Importante lembrar, também, que ninguém nasceu para fazer alguém resgatar seus débitos. Ninguém veio ao mundo para provocar tragédias na vida dos outros. Não. Os próprios mecanismos da vida oferecem as contingências e circunstâncias para tal. Exemplo: Não é porque matei alguém em existência passada que alguém precisará reencarnar para me matar agora.
Outra coisa muito importante, a saber:  Somos cobrados em apenas  um por cento daquilo que fizemos no campo do mal, pois isso, já bastará para um espírito ser reeducado para o amor. Exemplo:      Posso ter tirado a vida de inúmeras pessoas em vidas pretéritas, mas bastará eu perder a vida física uma vez, seja num acidente, em uma cirurgia mal sucedida, em uma tragédia natural,  e outro acontecimento inesperado, para que isso já me dê uma nova  consciência e me fazer  sentir, na pele, a importância da existência física para  a evolução do espírito.
Provação – quando o espírito, ao reencarnar, passa por muitos desafios, dificuldades, dores, perdas para desenvolver em si, experiências que ainda não possui;  virtudes que deseja muito obter; potencialidades que quer dilatar na alma e muitas outras conquistas que o espírito almeja.
Importante lembrar que, geralmente, as provas são pedidas pelo próprio espírito antes de reencarnar.      Quando elas sendo justas e necessárias para a evolução daquele espírito, e ele, já possuindo condições para  suportá-las, serão, então, autorizadas por Deus.
Por exemplo:  Para o espírito desejoso de aprender a virtude do  desprendimento e  sair do materialismo que nele impera, levando-o para o campo de espiritualização, as mortes inesperadas, trágicas  são muito oportunas para esses ensejos.

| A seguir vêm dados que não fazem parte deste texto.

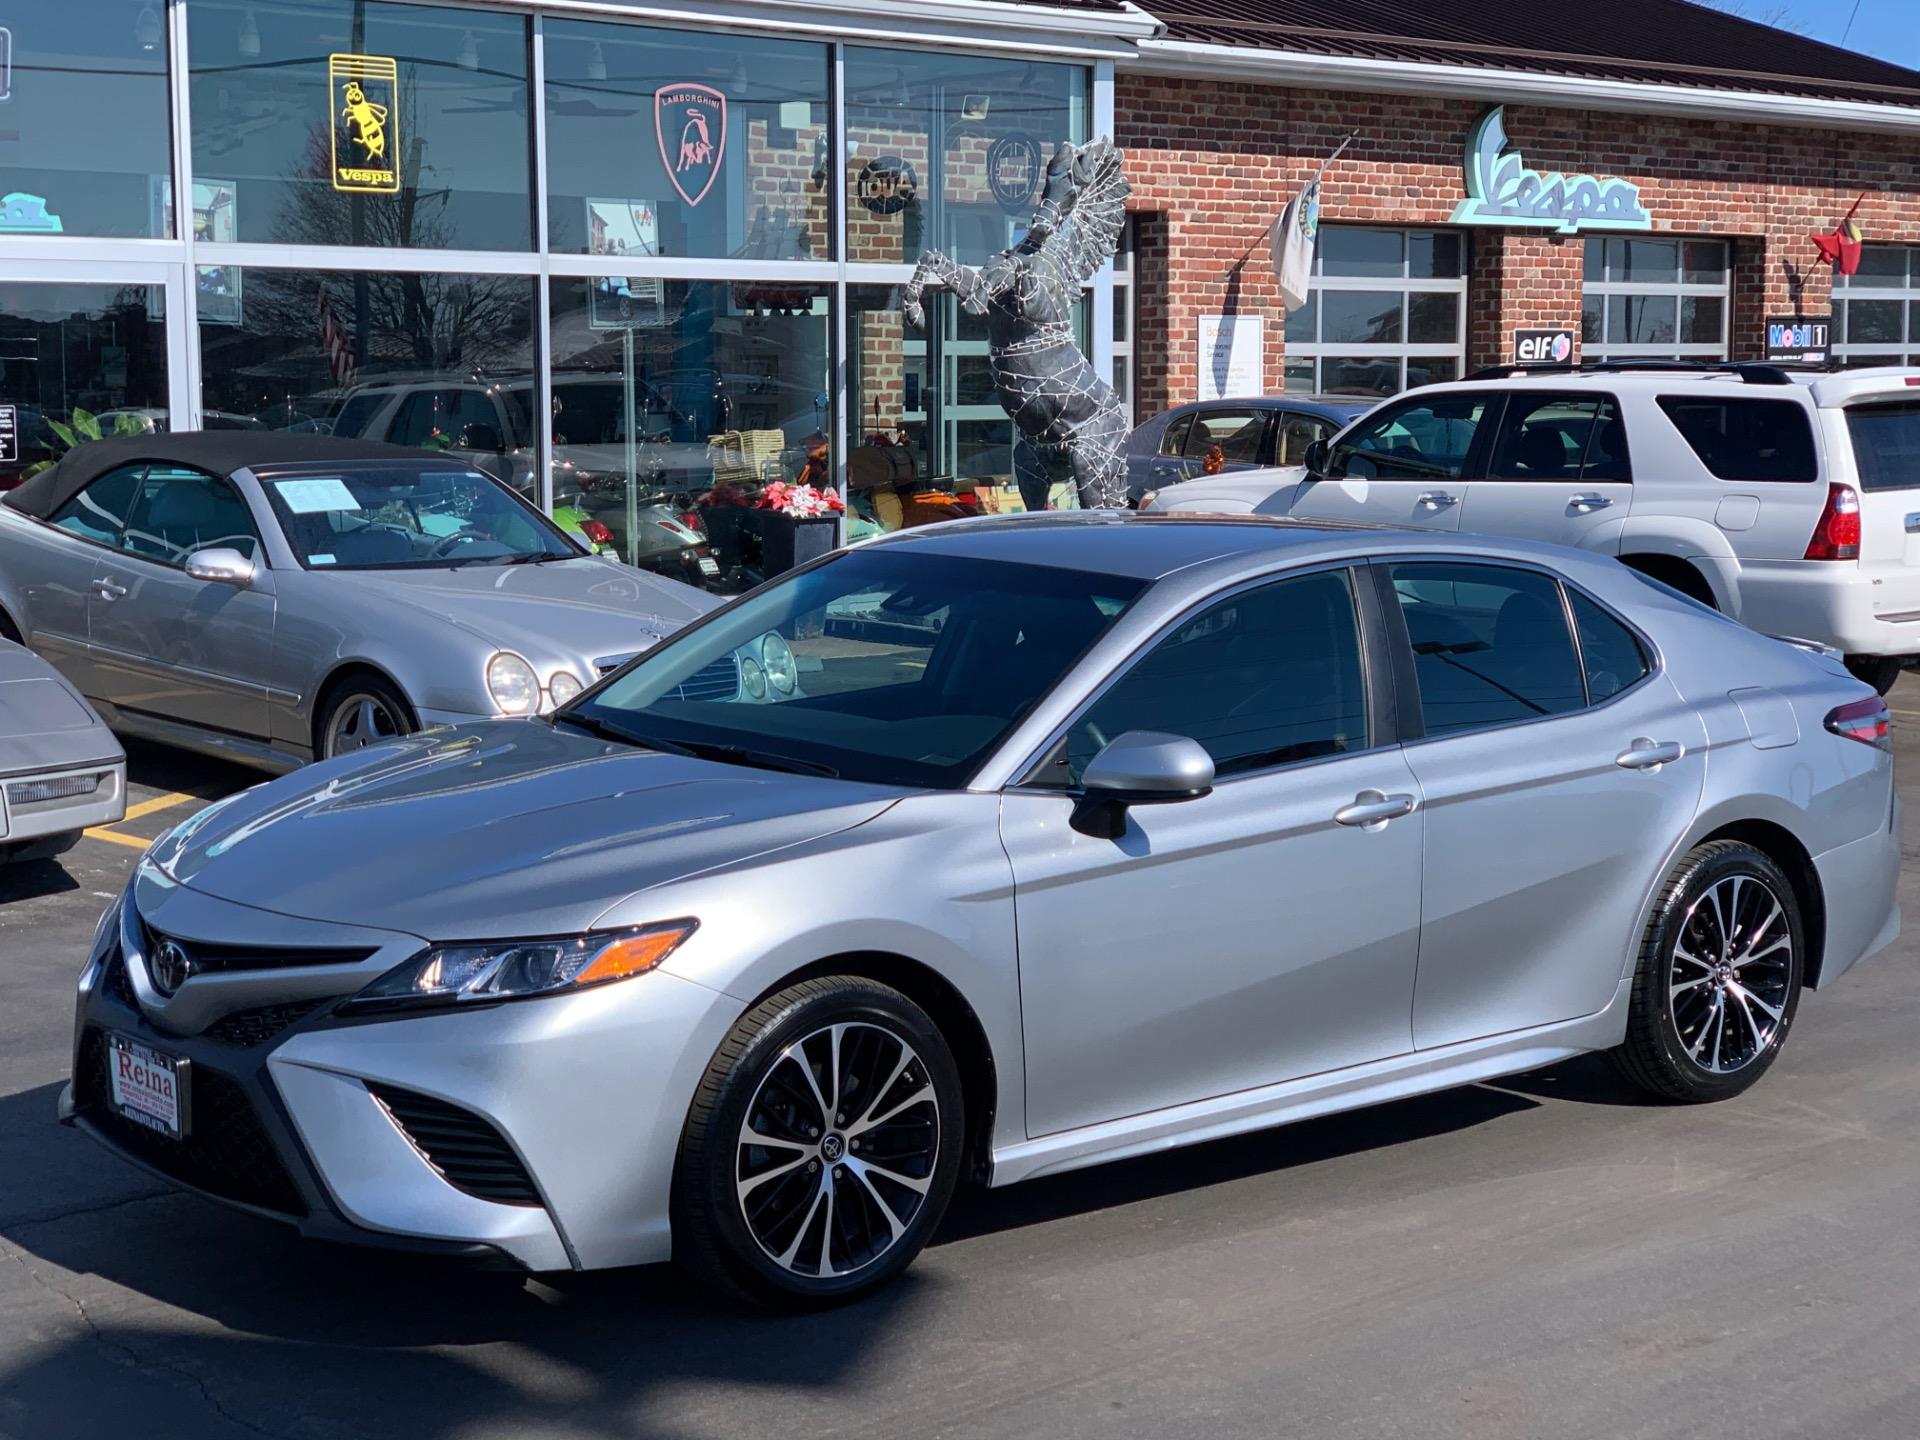 Used-2018-Toyota-Camry-SE-w/Adaptive-Cruise-Control

Missão  –  muitos espíritos, já bem evoluídos, vêm à Terra  com a missão de ajudar na evolução da humanidade trabalhando em alguma área. Chegando aqui, num mundo onde o mal predomina, são, às vezes, muito agredidos, atacados, violentados, pois a luz que espargem incomodará as trevas. A própria história da humanidade nos dá conta dos grandes vultos do bem que foram, em alguma época, mortos no planeta. O maior exemplo do que falo é o próprio Cristo. O que fizemos com Ele e, depois, com aqueles que vieram  nos lembrar Dele?  Destruimos suas vidas físicas utilizando-se  das cruzes, das feras , das fogueiras santas, das armas de fogo e das penitenciárias imundas do mundo.
Hoje tudo isso ainda continua acontecendo, agora, com os  respaldos cruéis da ciência e da tecnologia. Muitos benfeitores são trucidados, mortos  da forma mais sutil, sem deixar um rastro se quer da criminalidade utilizada pelo mal, ou então,  as mortes  deles ficarão por conta das falhas dos equipamentos médicos  ou tecnológicos que não funcionaram  bem como deveriam ou, então, por falha humana que não soube usar direito os recursos da modernidade.

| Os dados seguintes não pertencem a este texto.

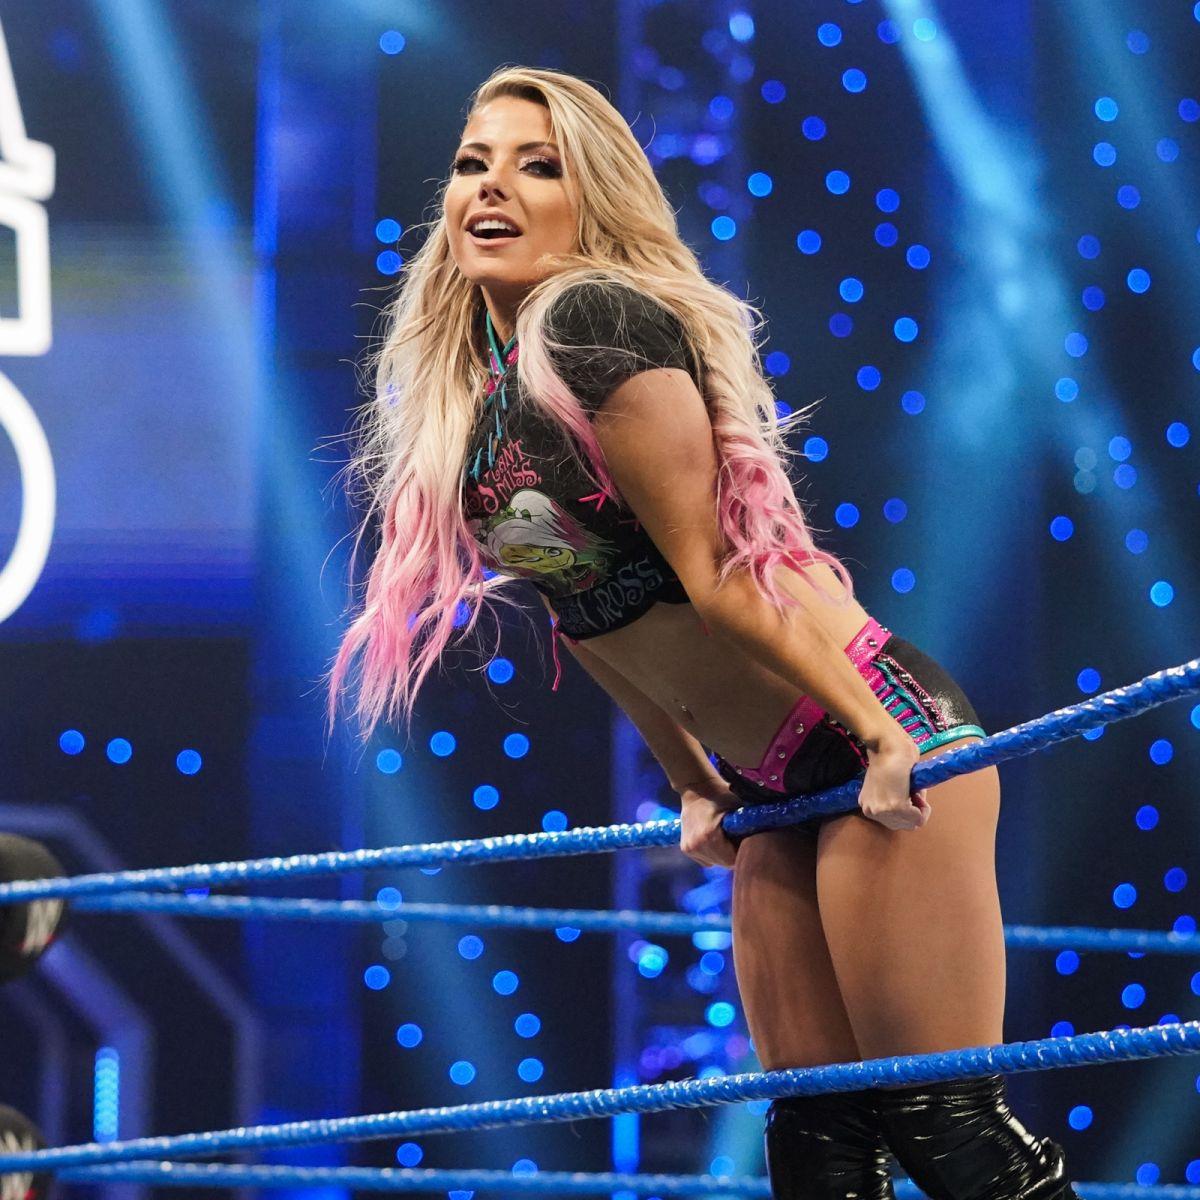 WWE Canceling Wrestlemania Match Featuring Alexa Bliss & Asuka 1

Para  a nossa alegria, esses espíritos evoluídos, mesmo desencarnando de forma violenta,  deixam seus legados vibrando em nossas mentes e consciências, nos convidando, motivando-nos e sustentando-nos na idéia de que podemos ser melhores seres humanos para o planeta, para que o planeta possa vir ser melhor moradia para a humanidade futura.
Perigos naturais de um mundo material em transformação – sabemos pela própria ciência material, que tudo o que está no Universo, está em constantes transformações. O nosso mundo não é diferente, ele não está pronto, experimenta muitas transformações e, por conta  dessas mudanças, principalmente daquelas que ocorrem nas suas entranhas mais íntimas,  corremos o risco de sermos atingidos  pelos efeitos de alguma delas, como por exemplo: terremoto; furacão; tsunami; vulcão e outros tantos abalos naturais.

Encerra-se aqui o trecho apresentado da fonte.